En este momento avanzó por la avenida otro caballero; pero se detuvo a distancia, ante una señal que le hizo con la mano el que estaba hablando con Klement.
—Y ahora, Klement, vas a hacerme un favor —prosiguió el viejo—. No dispongo de tiempo para hablar contigo; pero yo te enviaré un libro sobre Estocolmo que tú leerás. Puede decirse que te he hecho presenciar la fundación de Estocolmo. Tú mismo estudiarás como se ha desarrollado la ciudad; como la pequeña población rodeada de murallas, se ha transformado en este vasto mar de casas que vemos a nuestros pies. Lee en el libro como el pesado torreón ha cedido el puesto a ese hermoso y claro castillo que hay frente a nosotros, como la iglesia de los Hermanos Grises se ha convertido en el panteón de los reyes de Suecia. Lee en el libro como los jardines de hortensias, al sur y norte de la ciudad se han transformado en espléndidos jardines y en barrios habitados, como han sido cubiertos los estrechos y allanadas las colinas. Lee en ese libro como ha sido transformado el parque de los reyes en un lugar de esparcimiento, amado del pueblo. Tú debes familiarizarte con la ciudad, Klement, porque esta ciudad no sólo pertenece a los hijos de Estocolmo: te pertenece también a ti, lo mismo que a toda Suecia.
»Recuerda, Klement, al leer la historia de Estocolmo, lo que te he dicho: Estocolmo tiene el poder de atraer a todo el mundo. Primero se instaló aquí el rey, después construyeron sus palacios los grandes señores. Y ahora Estocolmo no sólo pertenece a sí misma y a la región circundante: pertenece a todo el reino. Y cuando leas en tu libro todas las cosas que se han reunido en Estocolmo, piensa también, Klement, en lo que desde Skansen se ha traído aquí. Mira sus viejas casonas. En ellas se bailan las danzas antiguas; mira esos trajes antiguos, esos viejos utensilios caseros. Aquí viven músicos ambulantes y recitadores de leyendas y de cuentos de hadas. Todas las cosas buenas y antiguas del Skansen las ha traído aquí Estocolmo para glorificarlas y transmitirlas con honor al pueblo.
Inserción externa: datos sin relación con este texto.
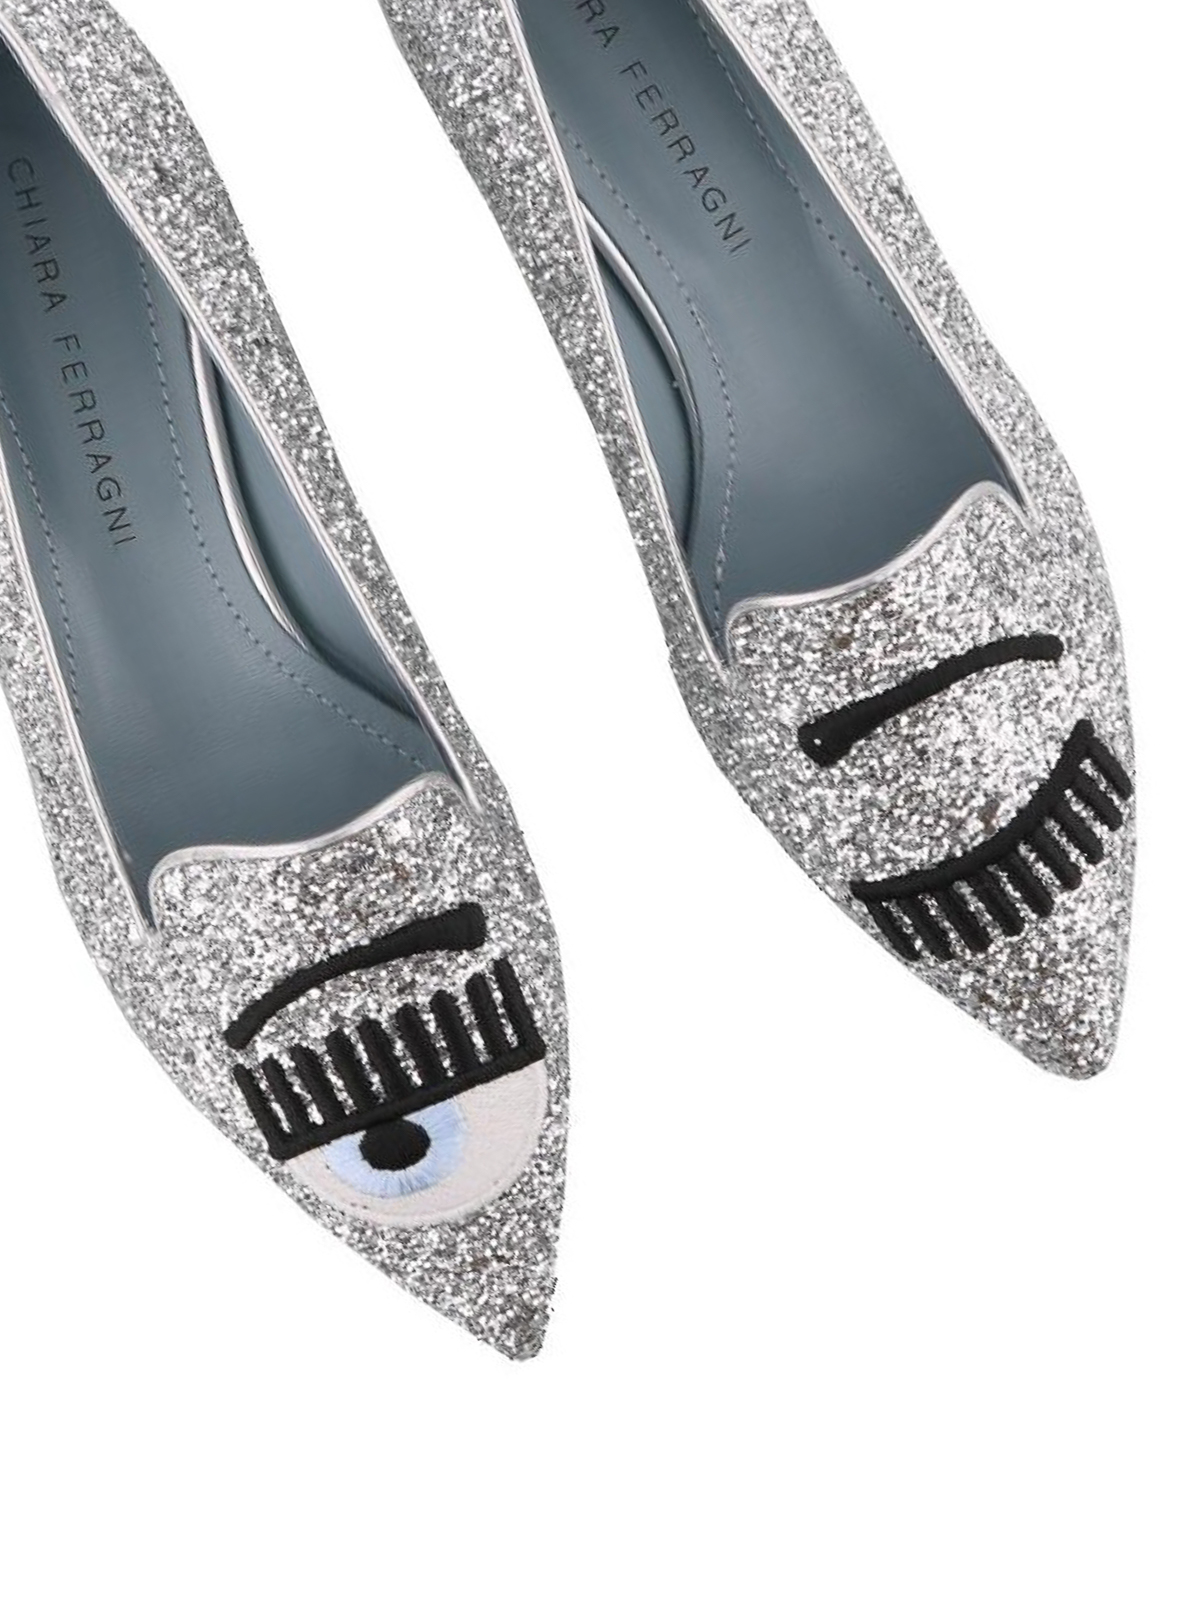 Flat shoes Chiara Ferragni - Flirting silver glitter flat pointy shoes -  CF2010

»Pero para leer tu libro precisa, Klement, que te sientes en esta altura. Es necesario que veas la alegría de las olas espumeantes y la hermosura de esas riberas deslumbradoras. Es preciso que estés como encantado, Klement».
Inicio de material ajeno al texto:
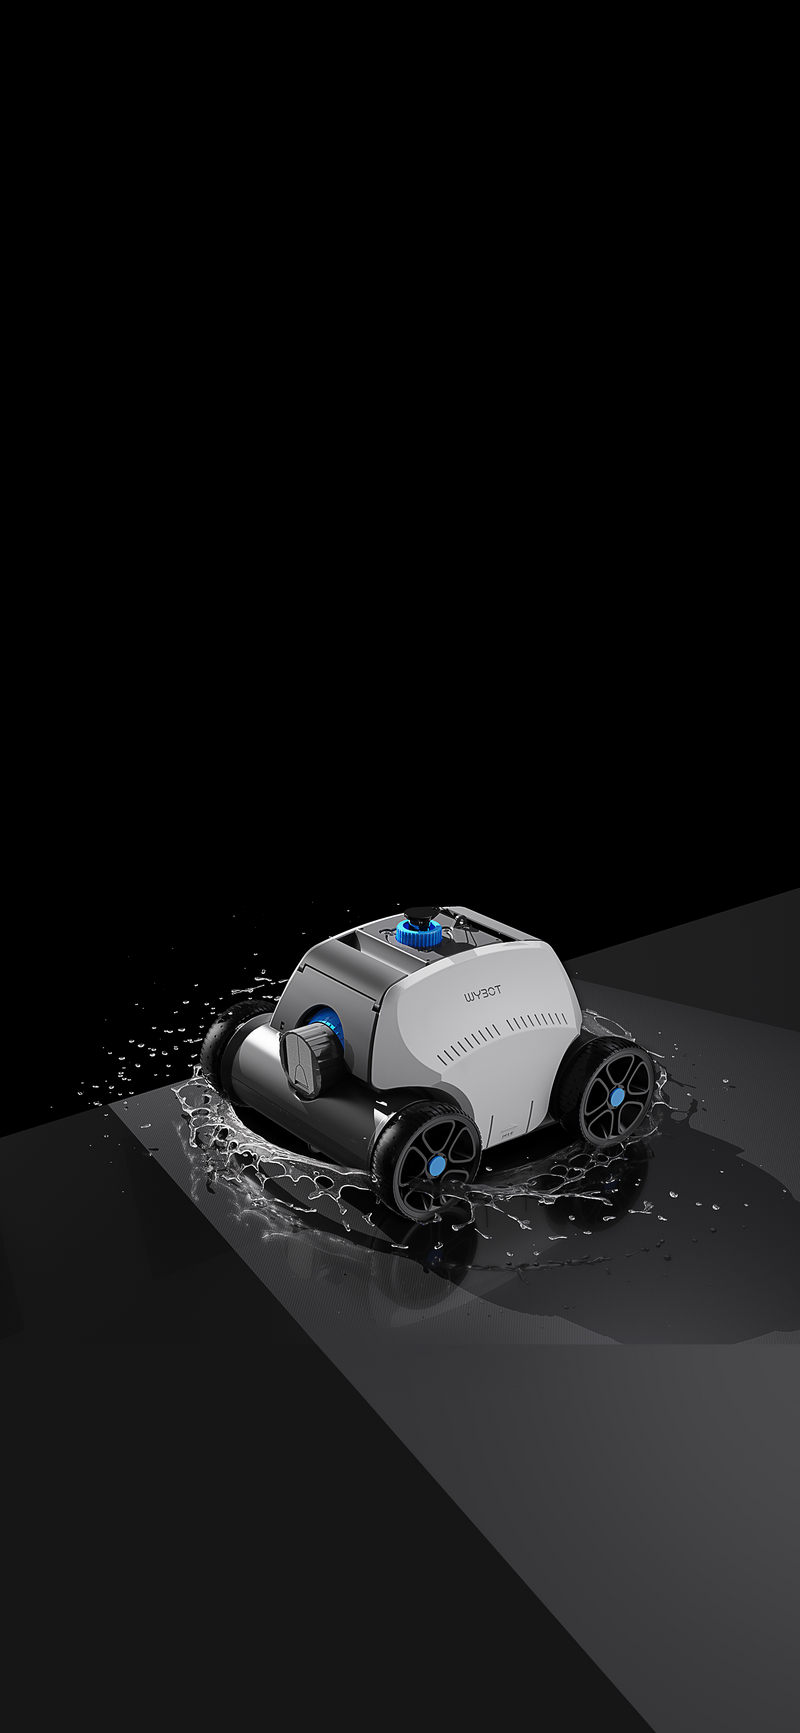 Brightbot 6000 Robotic pool cleaner - ATECPOOL

El anciano había elevado el tono de la voz; ahora resonaba fuerte e imperiosa y sus ojos despedían destellos de luz. Levantóse y se despidió de Klement con un leve ademán de la mano. Y comprendiendo Klement que el que le había hablado era un gran señor, se inclinó profundamente.
Al día siguiente un lacayo del palacio real llevó a Klement un libro voluminoso y una carta. Esta decía que el libro era regalo del rey.
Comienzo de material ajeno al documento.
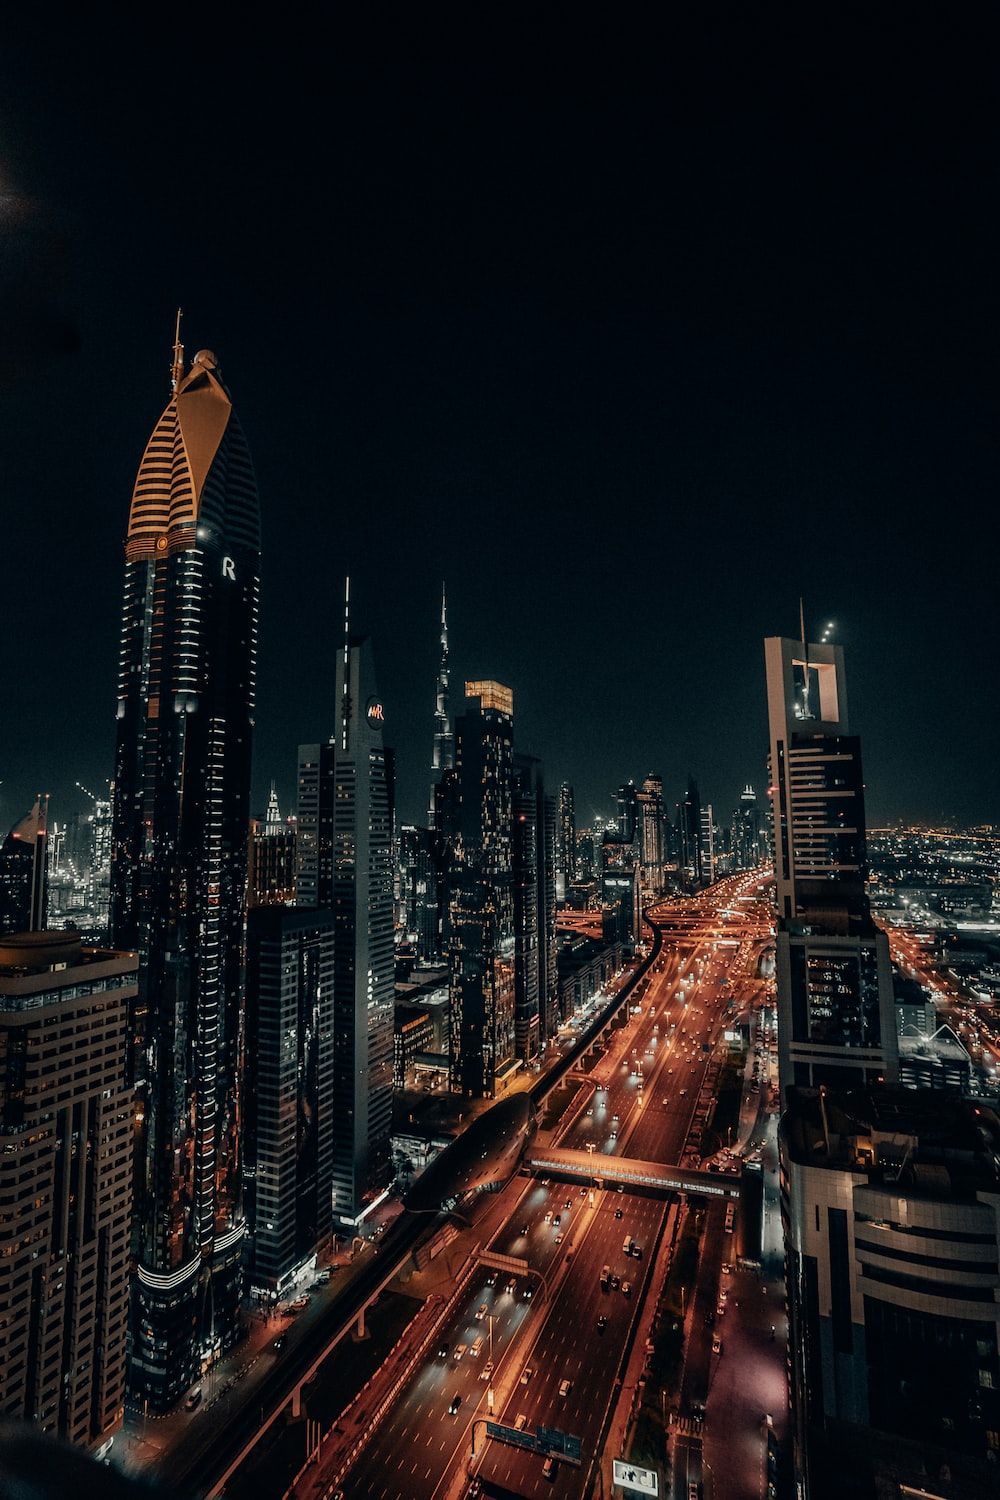 Dubai Night Picture. Download Free Image

Después de este acontecimiento el pequeño Klement Larsson estuvo durante varios días con la cabeza trastornada. Al cabo de una semana fue a presentar la dimisión al director. Sentíase obligado a regresar a su país.
—¿Y por qué? le preguntó el director. —¿No estás contento aquí?
—Ahora estoy más contento que nunca; pero es preciso que me vaya.
En realidad Klement estaba ante la mayor perplejidad de su vida; el rey le había ordenado que estudiara la historia de Estocolmo y que aprendiera a divertirse; pero ¿cómo había de renunciar él a la felicidad que le reportaría el referir en su país que el rey en persona le había dado tal orden? Tenía necesidad de reunir gente a su alrededor, un domingo a la salida de misa, para contar a todos lo amable que había estado el rey, sentado a su lado, en un banco, hablándole largo rato, a él, pobre y viejo músico de aldea, sin otro propósito que curarle de su nostalgia. ¡Qué bonito sería referir esto a los viejos lapones y a los pequeños dalecarlianos del Skansen! ¿Qué opinarían de esto en su país?
Aun teniendo que parar en el asilo de los pobres, Klement no sería ya un hombre desgraciado. Era otro e iba a gozar desde entonces de una consideración nueva.
Y este deseo era invencible en él. El director tuvo que dejarle partir.